Lord Lester today urged the newly-formed joint committee on the draft defamation bill not to try to tackle a privacy law within the legislation.
Giving oral evidence before the committee, where he praised the government’s draft bill, he said he was “not enthusiastic” about privacy law.
The one thing I would say to this committee is that if you want to kill defamation law reform you will start by going into privacy and saying that needs to be tackled in the same bill. Because I promise you the plan to have an actual bill come out next May and be enacted next year will not happen if you get involved in the thickets of privacy at the same time.
In a following discussion on the power to make decisions on a day-to-day basis on what becomes public knowledge, he added that he “strongly believed” in self-regulation.
That is why I continue notwithstanding in the Ministry of Justice’s draft that having regard to adherence to professional codes needs to be written into the responsible journalism defence to emphasise that the judgements are for the editor or reporter, not for the court … Judges are not editors, reporters and are not competent to act in place of editors and reporters.
The law therefore needs to encourage self regulation. The Press Complaints Commission needs to be able to give effective remedies to keep the courts away.

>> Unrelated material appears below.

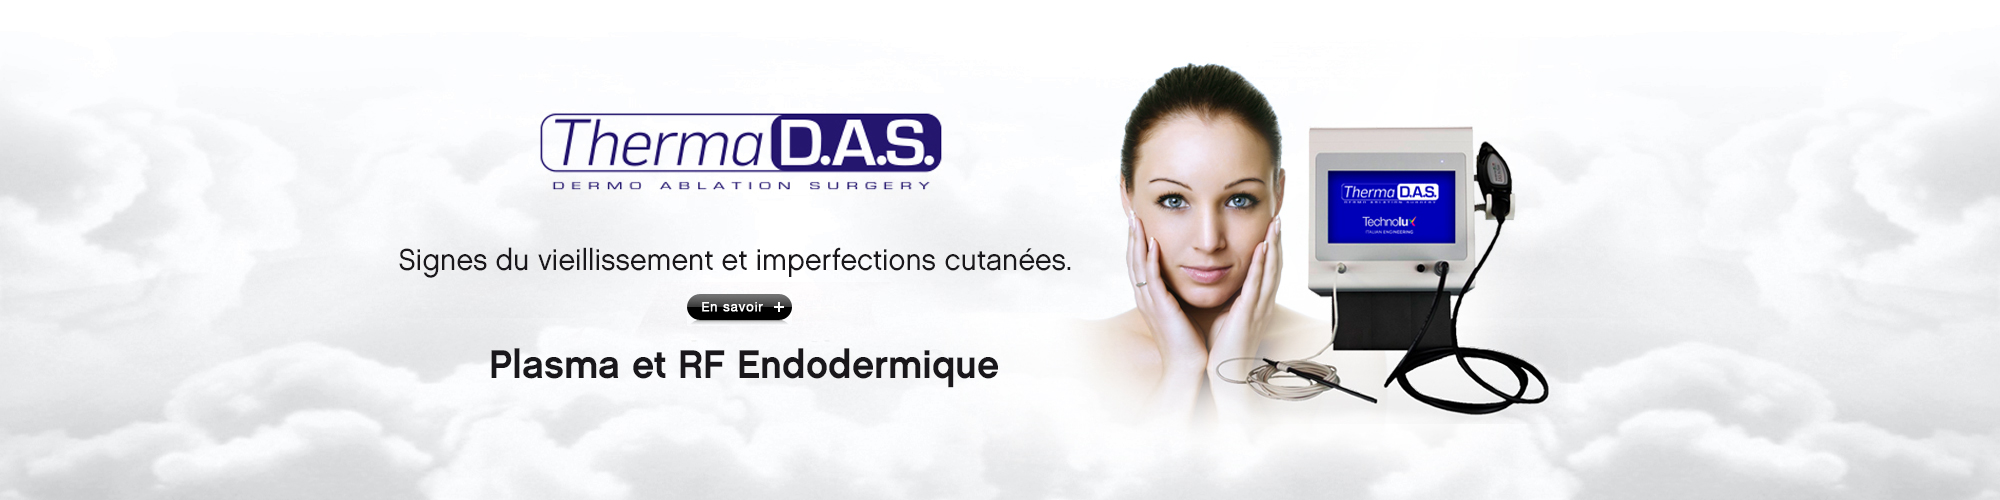 https://www.capactuel.com/storage/app/media/Accueil/THERMADAS2.jpg
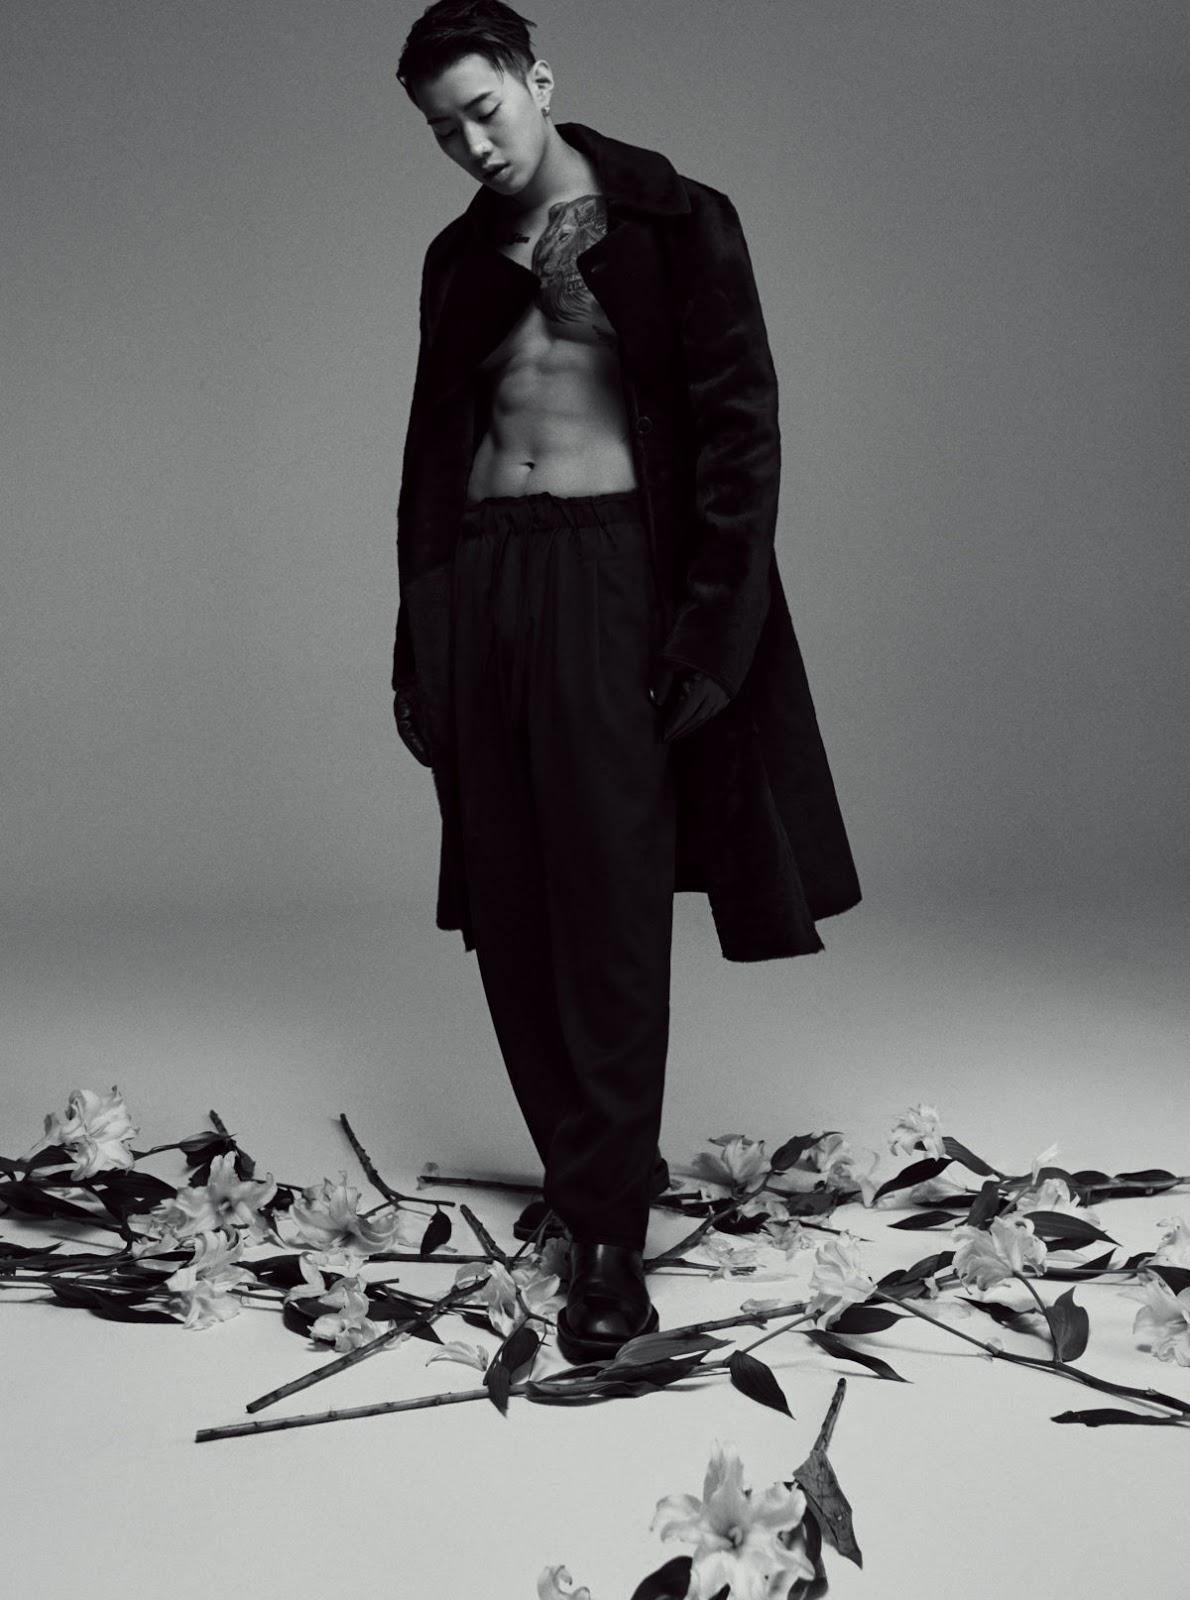 [Magazine] 2019.07.24 Jay Park @ GQ Korea

Ultimately I think that a free press is obviously essential to democracy and the judgements have to be made by the profession … you will notice that in all the fuss about injunctions, super injunctions and privacy, that is a fuss which is made very often by newspapers that earn a living by trading in publishing private information to the public and good luck to them, but if you take a newspaper which does serious investigative reporting … if you are a responsible profession and you then take advantage for example of my Reynolds defence you’ll be able to tackle that.